In a statement on Sunday night, the US president accused political opponents in Congress of “inciting” the allegations against Hunter to attack him.
“No reasonable person looking at the facts of Hunter’s affairs can come to any conclusion other than that Hunter was singled out just because he’s my son — and that’s wrong,” Biden said.
“From the day I took office, I said I would not interfere in the decisions of the Department of Justice, and I kept my word, even as I watched my son be selectively and unfairly prosecuted,” Biden added.
Hunter’s legal troubles have become a political headache for Joe Biden since his 2020 election victory when his son revealed he was under federal investigation.

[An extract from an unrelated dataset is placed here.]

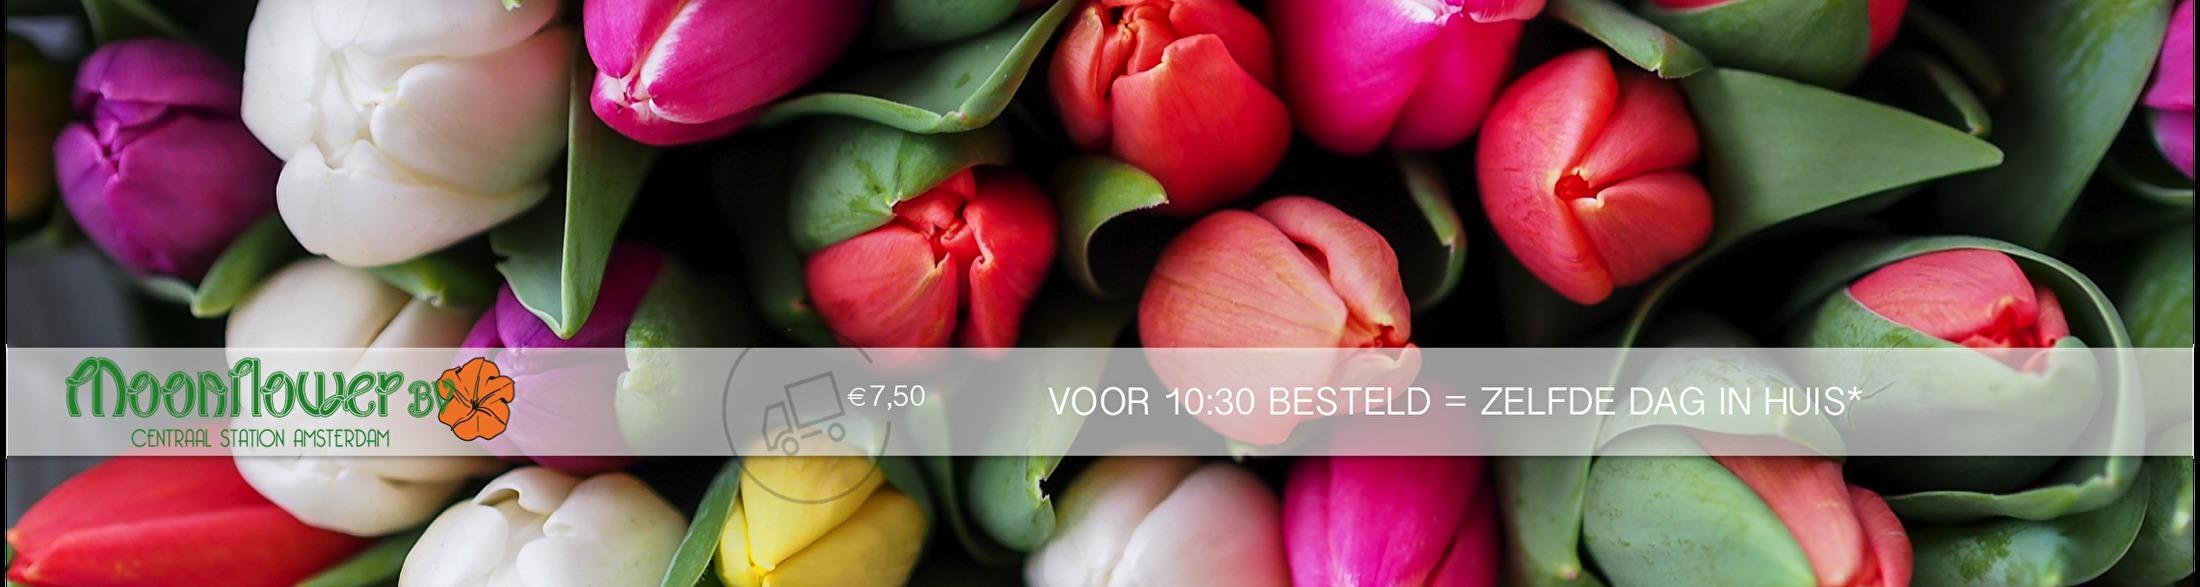 Tulpen van Moonflower
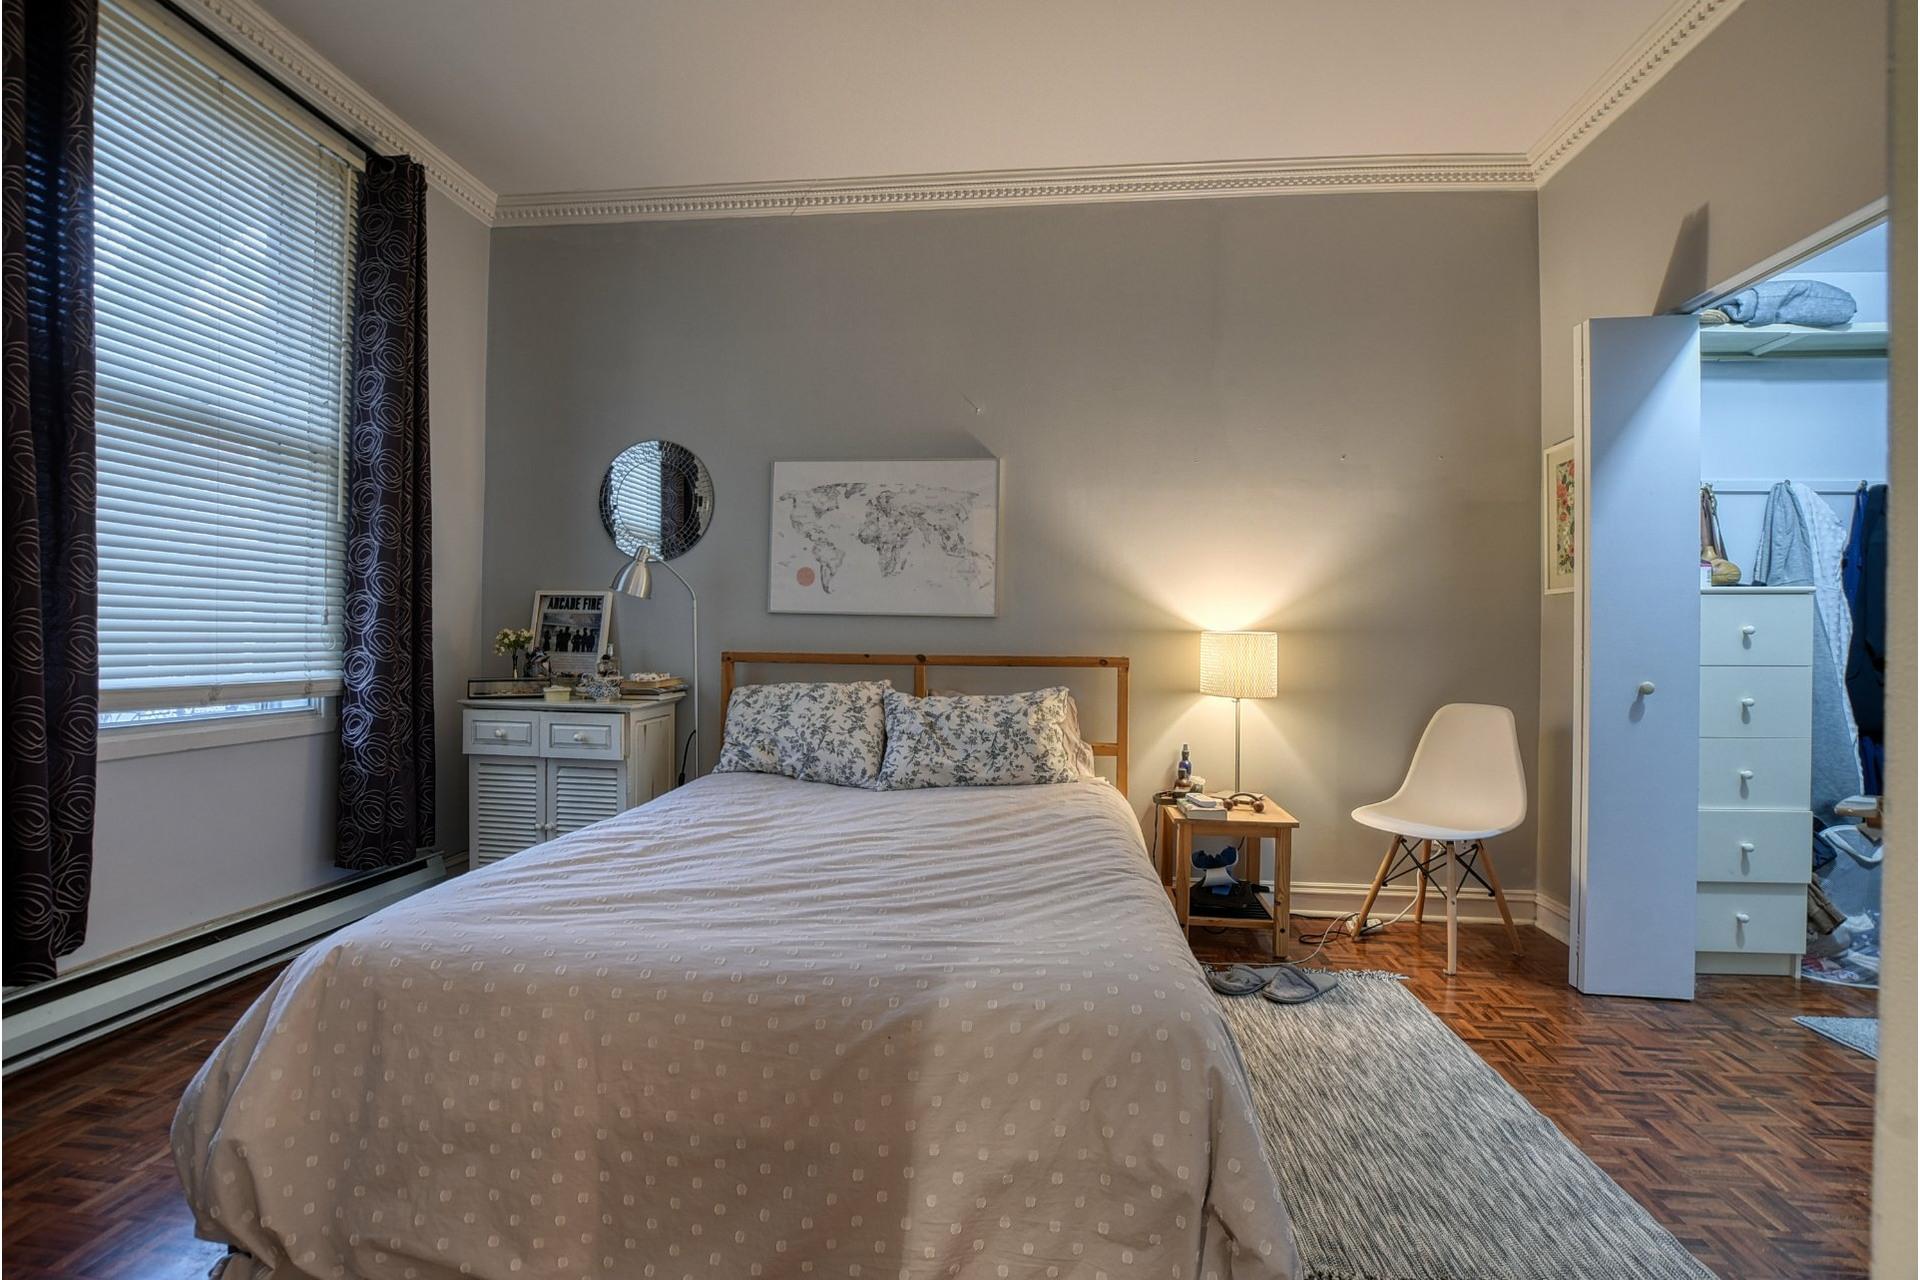 image 5 - Appartement À vendre Le Sud-Ouest Montréal  - 5 pièces

He was convicted in June of this year on three counts of lying during a federal background check to buy a handgun. The trial featured detailed testimony about his cocaine addiction and his romantic relationship with his brother’s widow.
Hunter Biden also pleaded guilty to tax charges last month in federal court in Los Angeles. He was accused of evading $1.4 million in taxes, including through improper business deductions. He allegedly wasted• cash for goods including cars, drugs and prostitution.
The president issued several statements in support of his son, but he also said he would not pardon him. His cancellation comes ahead of sentencing in both cases, which was scheduled for this month.
On Sunday night, Biden said the legal attacks were part of an “effort to break Hunter,” adding that he made the decision to pardon his son over the weekend.
“My whole career I have followed a simple principle: just tell the American people the truth. They will be honest,” Biden wrote.
“Here’s the truth: I believe in the justice system, but in fighting this, I also believe that crude politics infected the process and led to a miscarriage of justice.”
Stephen Cheng, Donald Trump’s communications director, suggested that Biden’s move supports Trump’s claims of a politically motivated justice system. “The failed witch hunt against President Trump has proven that the Democrat-controlled Justice Department and other radical prosecutors are guilty of weaponizing the justice system,” Cheng said.
Republican Congressman James Comer, chairman of the House Oversight Committee, said Biden lied when he claimed he had not pardoned his son, calling the family the “Biden Crime Family.”
In a statement, Hunter Biden said he “recognized and accepted responsibility” for “mistakes in the darkest days of my addiction — mistakes that were used to publicly humiliate and embarrass me and my family for political sport.”
The president’s son vowed to “never take the pardon I was given today for granted” and vowed to dedicate his life to “helping those who are still sick and suffering.”
The pardon covers all crimes committed by the president’s son between January 1, 2014 and December 1, 2024.
A survey A June poll by Monmouth University in New Jersey found that just under half of voters and nearly two-thirds of Democrats thought the Justice Department’s decision to indict Hunter Biden on gun charges was politically motivated.
The same poll found that just over half of all Americans, and nearly all Republicans, also believe that President-elect Donald Trump’s “hush money” trial in New York was politically motivated.